*What is expected*
Please repeat every entry that follows, keeping each one exactly the same.
[Given records]
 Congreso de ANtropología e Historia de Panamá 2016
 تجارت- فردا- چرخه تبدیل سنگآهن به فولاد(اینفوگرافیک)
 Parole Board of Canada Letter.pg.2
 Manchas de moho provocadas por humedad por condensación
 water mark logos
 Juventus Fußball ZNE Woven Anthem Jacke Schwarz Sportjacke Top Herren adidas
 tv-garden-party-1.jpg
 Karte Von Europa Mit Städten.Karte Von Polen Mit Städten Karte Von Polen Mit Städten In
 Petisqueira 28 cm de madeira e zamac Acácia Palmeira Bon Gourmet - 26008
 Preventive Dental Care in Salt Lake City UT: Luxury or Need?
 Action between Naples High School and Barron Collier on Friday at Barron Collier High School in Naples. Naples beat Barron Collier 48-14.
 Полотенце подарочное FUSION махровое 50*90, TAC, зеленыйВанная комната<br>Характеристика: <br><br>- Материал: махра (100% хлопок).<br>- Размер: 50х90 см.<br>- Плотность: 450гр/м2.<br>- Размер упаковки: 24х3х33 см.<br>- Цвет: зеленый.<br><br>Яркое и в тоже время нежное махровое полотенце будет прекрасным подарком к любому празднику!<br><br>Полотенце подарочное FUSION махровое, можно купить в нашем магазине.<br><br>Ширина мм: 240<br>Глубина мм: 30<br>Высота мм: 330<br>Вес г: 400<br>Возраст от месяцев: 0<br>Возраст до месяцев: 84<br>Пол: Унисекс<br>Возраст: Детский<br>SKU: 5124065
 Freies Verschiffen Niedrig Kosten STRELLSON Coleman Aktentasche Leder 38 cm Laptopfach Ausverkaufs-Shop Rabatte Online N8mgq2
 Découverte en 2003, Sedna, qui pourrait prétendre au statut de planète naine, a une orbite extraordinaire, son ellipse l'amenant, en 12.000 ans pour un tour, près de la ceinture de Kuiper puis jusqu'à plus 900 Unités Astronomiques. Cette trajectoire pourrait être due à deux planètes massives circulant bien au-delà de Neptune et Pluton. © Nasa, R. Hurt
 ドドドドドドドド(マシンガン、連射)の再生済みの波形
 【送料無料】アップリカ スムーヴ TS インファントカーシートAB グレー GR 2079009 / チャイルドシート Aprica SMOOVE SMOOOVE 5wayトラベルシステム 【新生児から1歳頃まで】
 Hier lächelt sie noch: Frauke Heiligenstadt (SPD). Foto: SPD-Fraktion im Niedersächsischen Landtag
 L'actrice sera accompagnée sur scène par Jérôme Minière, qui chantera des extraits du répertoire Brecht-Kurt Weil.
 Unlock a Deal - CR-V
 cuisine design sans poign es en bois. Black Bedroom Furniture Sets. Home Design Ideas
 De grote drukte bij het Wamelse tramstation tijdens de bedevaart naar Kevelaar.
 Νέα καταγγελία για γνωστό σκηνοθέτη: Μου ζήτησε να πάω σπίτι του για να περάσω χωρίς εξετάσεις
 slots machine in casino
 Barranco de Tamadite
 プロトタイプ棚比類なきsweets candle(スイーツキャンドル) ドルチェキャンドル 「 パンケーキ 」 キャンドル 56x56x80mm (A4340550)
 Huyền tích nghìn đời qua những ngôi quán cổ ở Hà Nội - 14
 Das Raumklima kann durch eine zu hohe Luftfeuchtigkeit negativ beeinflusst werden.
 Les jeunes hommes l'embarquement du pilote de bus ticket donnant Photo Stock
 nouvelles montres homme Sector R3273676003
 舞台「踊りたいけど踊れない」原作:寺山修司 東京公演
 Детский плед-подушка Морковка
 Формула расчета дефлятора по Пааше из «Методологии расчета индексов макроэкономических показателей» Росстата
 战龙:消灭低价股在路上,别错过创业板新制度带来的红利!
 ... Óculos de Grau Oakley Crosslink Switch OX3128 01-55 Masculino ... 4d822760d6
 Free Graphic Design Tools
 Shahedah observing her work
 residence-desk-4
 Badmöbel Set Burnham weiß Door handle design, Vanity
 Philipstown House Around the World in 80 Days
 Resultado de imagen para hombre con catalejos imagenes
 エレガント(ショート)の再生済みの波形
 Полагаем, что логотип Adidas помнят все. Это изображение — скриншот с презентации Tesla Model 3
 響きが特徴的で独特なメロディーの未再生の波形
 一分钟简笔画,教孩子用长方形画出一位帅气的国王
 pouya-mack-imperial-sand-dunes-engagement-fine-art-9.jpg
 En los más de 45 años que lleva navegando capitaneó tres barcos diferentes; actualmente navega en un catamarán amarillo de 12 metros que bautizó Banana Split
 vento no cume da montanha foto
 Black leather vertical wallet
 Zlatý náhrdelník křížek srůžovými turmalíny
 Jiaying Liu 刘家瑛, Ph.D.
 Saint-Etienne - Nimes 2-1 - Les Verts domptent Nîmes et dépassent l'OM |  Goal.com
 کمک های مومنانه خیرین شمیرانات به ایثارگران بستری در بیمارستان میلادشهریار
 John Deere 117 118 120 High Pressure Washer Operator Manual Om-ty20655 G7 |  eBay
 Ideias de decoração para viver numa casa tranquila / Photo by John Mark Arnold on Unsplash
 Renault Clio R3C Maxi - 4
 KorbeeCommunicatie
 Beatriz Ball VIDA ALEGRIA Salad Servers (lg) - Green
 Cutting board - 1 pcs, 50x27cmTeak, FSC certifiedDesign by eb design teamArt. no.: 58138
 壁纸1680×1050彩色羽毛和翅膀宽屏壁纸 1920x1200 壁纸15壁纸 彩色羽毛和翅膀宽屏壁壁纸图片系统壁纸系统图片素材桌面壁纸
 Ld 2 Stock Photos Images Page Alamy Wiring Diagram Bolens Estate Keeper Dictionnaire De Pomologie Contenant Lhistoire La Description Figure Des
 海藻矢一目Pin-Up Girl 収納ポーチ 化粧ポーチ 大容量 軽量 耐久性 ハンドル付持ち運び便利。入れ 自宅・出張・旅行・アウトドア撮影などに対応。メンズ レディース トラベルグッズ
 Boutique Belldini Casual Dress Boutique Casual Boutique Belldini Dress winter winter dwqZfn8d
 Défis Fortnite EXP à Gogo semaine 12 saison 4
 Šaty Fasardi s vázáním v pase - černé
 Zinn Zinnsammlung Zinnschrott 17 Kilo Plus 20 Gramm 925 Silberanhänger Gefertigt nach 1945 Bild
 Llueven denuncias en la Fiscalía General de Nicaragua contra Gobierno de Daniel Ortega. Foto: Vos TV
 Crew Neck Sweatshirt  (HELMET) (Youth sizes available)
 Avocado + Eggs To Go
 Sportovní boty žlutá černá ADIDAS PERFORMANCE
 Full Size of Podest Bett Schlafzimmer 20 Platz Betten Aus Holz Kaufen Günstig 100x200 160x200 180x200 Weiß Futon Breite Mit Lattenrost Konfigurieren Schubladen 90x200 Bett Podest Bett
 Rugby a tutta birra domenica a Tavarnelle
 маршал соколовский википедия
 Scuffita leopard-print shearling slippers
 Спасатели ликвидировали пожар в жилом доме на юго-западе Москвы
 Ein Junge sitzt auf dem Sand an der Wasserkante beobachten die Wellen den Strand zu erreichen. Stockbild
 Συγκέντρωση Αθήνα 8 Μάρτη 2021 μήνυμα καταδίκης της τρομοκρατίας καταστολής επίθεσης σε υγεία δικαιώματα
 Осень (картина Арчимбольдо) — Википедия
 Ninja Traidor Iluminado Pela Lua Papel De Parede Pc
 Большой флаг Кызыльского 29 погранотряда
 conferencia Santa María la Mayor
[/Given records]
*Answer section*
 Congreso de ANtropología e Historia de Panamá 2016
 تجارت- فردا- چرخه تبدیل سنگآهن به فولاد(اینفوگرافیک)
 Parole Board of Canada Letter.pg.2
 Manchas de moho provocadas por humedad por condensación
 water mark logos
 Juventus Fußball ZNE Woven Anthem Jacke Schwarz Sportjacke Top Herren adidas
 tv-garden-party-1.jpg
 Karte Von Europa Mit Städten.Karte Von Polen Mit Städten Karte Von Polen Mit Städten In
 Petisqueira 28 cm de madeira e zamac Acácia Palmeira Bon Gourmet - 26008
 Preventive Dental Care in Salt Lake City UT: Luxury or Need?
 Action between Naples High School and Barron Collier on Friday at Barron Collier High School in Naples. Naples beat Barron Collier 48-14.
 Полотенце подарочное FUSION махровое 50*90, TAC, зеленыйВанная комната<br>Характеристика: <br><br>- Материал: махра (100% хлопок).<br>- Размер: 50х90 см.<br>- Плотность: 450гр/м2.<br>- Размер упаковки: 24х3х33 см.<br>- Цвет: зеленый.<br><br>Яркое и в тоже время нежное махровое полотенце будет прекрасным подарком к любому празднику!<br><br>Полотенце подарочное FUSION махровое, можно купить в нашем магазине.<br><br>Ширина мм: 240<br>Глубина мм: 30<br>Высота мм: 330<br>Вес г: 400<br>Возраст от месяцев: 0<br>Возраст до месяцев: 84<br>Пол: Унисекс<br>Возраст: Детский<br>SKU: 5124065
 Freies Verschiffen Niedrig Kosten STRELLSON Coleman Aktentasche Leder 38 cm Laptopfach Ausverkaufs-Shop Rabatte Online N8mgq2
 Découverte en 2003, Sedna, qui pourrait prétendre au statut de planète naine, a une orbite extraordinaire, son ellipse l'amenant, en 12.000 ans pour un tour, près de la ceinture de Kuiper puis jusqu'à plus 900 Unités Astronomiques. Cette trajectoire pourrait être due à deux planètes massives circulant bien au-delà de Neptune et Pluton. © Nasa, R. Hurt
 ドドドドドドドド(マシンガン、連射)の再生済みの波形
 【送料無料】アップリカ スムーヴ TS インファントカーシートAB グレー GR 2079009 / チャイルドシート Aprica SMOOVE SMOOOVE 5wayトラベルシステム 【新生児から1歳頃まで】
 Hier lächelt sie noch: Frauke Heiligenstadt (SPD). Foto: SPD-Fraktion im Niedersächsischen Landtag
 L'actrice sera accompagnée sur scène par Jérôme Minière, qui chantera des extraits du répertoire Brecht-Kurt Weil.
 Unlock a Deal - CR-V
 cuisine design sans poign es en bois. Black Bedroom Furniture Sets. Home Design Ideas
 De grote drukte bij het Wamelse tramstation tijdens de bedevaart naar Kevelaar.
 Νέα καταγγελία για γνωστό σκηνοθέτη: Μου ζήτησε να πάω σπίτι του για να περάσω χωρίς εξετάσεις
 slots machine in casino
 Barranco de Tamadite
 プロトタイプ棚比類なきsweets candle(スイーツキャンドル) ドルチェキャンドル 「 パンケーキ 」 キャンドル 56x56x80mm (A4340550)
 Huyền tích nghìn đời qua những ngôi quán cổ ở Hà Nội - 14
 Das Raumklima kann durch eine zu hohe Luftfeuchtigkeit negativ beeinflusst werden.
 Les jeunes hommes l'embarquement du pilote de bus ticket donnant Photo Stock
 nouvelles montres homme Sector R3273676003
 舞台「踊りたいけど踊れない」原作:寺山修司 東京公演
 Детский плед-подушка Морковка
 Формула расчета дефлятора по Пааше из «Методологии расчета индексов макроэкономических показателей» Росстата
 战龙:消灭低价股在路上,别错过创业板新制度带来的红利!
 ... Óculos de Grau Oakley Crosslink Switch OX3128 01-55 Masculino ... 4d822760d6
 Free Graphic Design Tools
 Shahedah observing her work
 residence-desk-4
 Badmöbel Set Burnham weiß Door handle design, Vanity
 Philipstown House Around the World in 80 Days
 Resultado de imagen para hombre con catalejos imagenes
 エレガント(ショート)の再生済みの波形
 Полагаем, что логотип Adidas помнят все. Это изображение — скриншот с презентации Tesla Model 3
 響きが特徴的で独特なメロディーの未再生の波形
 一分钟简笔画,教孩子用长方形画出一位帅气的国王
 pouya-mack-imperial-sand-dunes-engagement-fine-art-9.jpg
 En los más de 45 años que lleva navegando capitaneó tres barcos diferentes; actualmente navega en un catamarán amarillo de 12 metros que bautizó Banana Split
 vento no cume da montanha foto
 Black leather vertical wallet
 Zlatý náhrdelník křížek srůžovými turmalíny
 Jiaying Liu 刘家瑛, Ph.D.
 Saint-Etienne - Nimes 2-1 - Les Verts domptent Nîmes et dépassent l'OM |  Goal.com
 کمک های مومنانه خیرین شمیرانات به ایثارگران بستری در بیمارستان میلادشهریار
 John Deere 117 118 120 High Pressure Washer Operator Manual Om-ty20655 G7 |  eBay
 Ideias de decoração para viver numa casa tranquila / Photo by John Mark Arnold on Unsplash
 Renault Clio R3C Maxi - 4
 KorbeeCommunicatie
 Beatriz Ball VIDA ALEGRIA Salad Servers (lg) - Green
 Cutting board - 1 pcs, 50x27cmTeak, FSC certifiedDesign by eb design teamArt. no.: 58138
 壁纸1680×1050彩色羽毛和翅膀宽屏壁纸 1920x1200 壁纸15壁纸 彩色羽毛和翅膀宽屏壁壁纸图片系统壁纸系统图片素材桌面壁纸
 Ld 2 Stock Photos Images Page Alamy Wiring Diagram Bolens Estate Keeper Dictionnaire De Pomologie Contenant Lhistoire La Description Figure Des
 海藻矢一目Pin-Up Girl 収納ポーチ 化粧ポーチ 大容量 軽量 耐久性 ハンドル付持ち運び便利。入れ 自宅・出張・旅行・アウトドア撮影などに対応。メンズ レディース トラベルグッズ
 Boutique Belldini Casual Dress Boutique Casual Boutique Belldini Dress winter winter dwqZfn8d
 Défis Fortnite EXP à Gogo semaine 12 saison 4
 Šaty Fasardi s vázáním v pase - černé
 Zinn Zinnsammlung Zinnschrott 17 Kilo Plus 20 Gramm 925 Silberanhänger Gefertigt nach 1945 Bild
 Llueven denuncias en la Fiscalía General de Nicaragua contra Gobierno de Daniel Ortega. Foto: Vos TV
 Crew Neck Sweatshirt  (HELMET) (Youth sizes available)
 Avocado + Eggs To Go
 Sportovní boty žlutá černá ADIDAS PERFORMANCE
 Full Size of Podest Bett Schlafzimmer 20 Platz Betten Aus Holz Kaufen Günstig 100x200 160x200 180x200 Weiß Futon Breite Mit Lattenrost Konfigurieren Schubladen 90x200 Bett Podest Bett
 Rugby a tutta birra domenica a Tavarnelle
 маршал соколовский википедия
 Scuffita leopard-print shearling slippers
 Спасатели ликвидировали пожар в жилом доме на юго-западе Москвы
 Ein Junge sitzt auf dem Sand an der Wasserkante beobachten die Wellen den Strand zu erreichen. Stockbild
 Συγκέντρωση Αθήνα 8 Μάρτη 2021 μήνυμα καταδίκης της τρομοκρατίας καταστολής επίθεσης σε υγεία δικαιώματα
 Осень (картина Арчимбольдо) — Википедия
 Ninja Traidor Iluminado Pela Lua Papel De Parede Pc
 Большой флаг Кызыльского 29 погранотряда
 conferencia Santa María la Mayor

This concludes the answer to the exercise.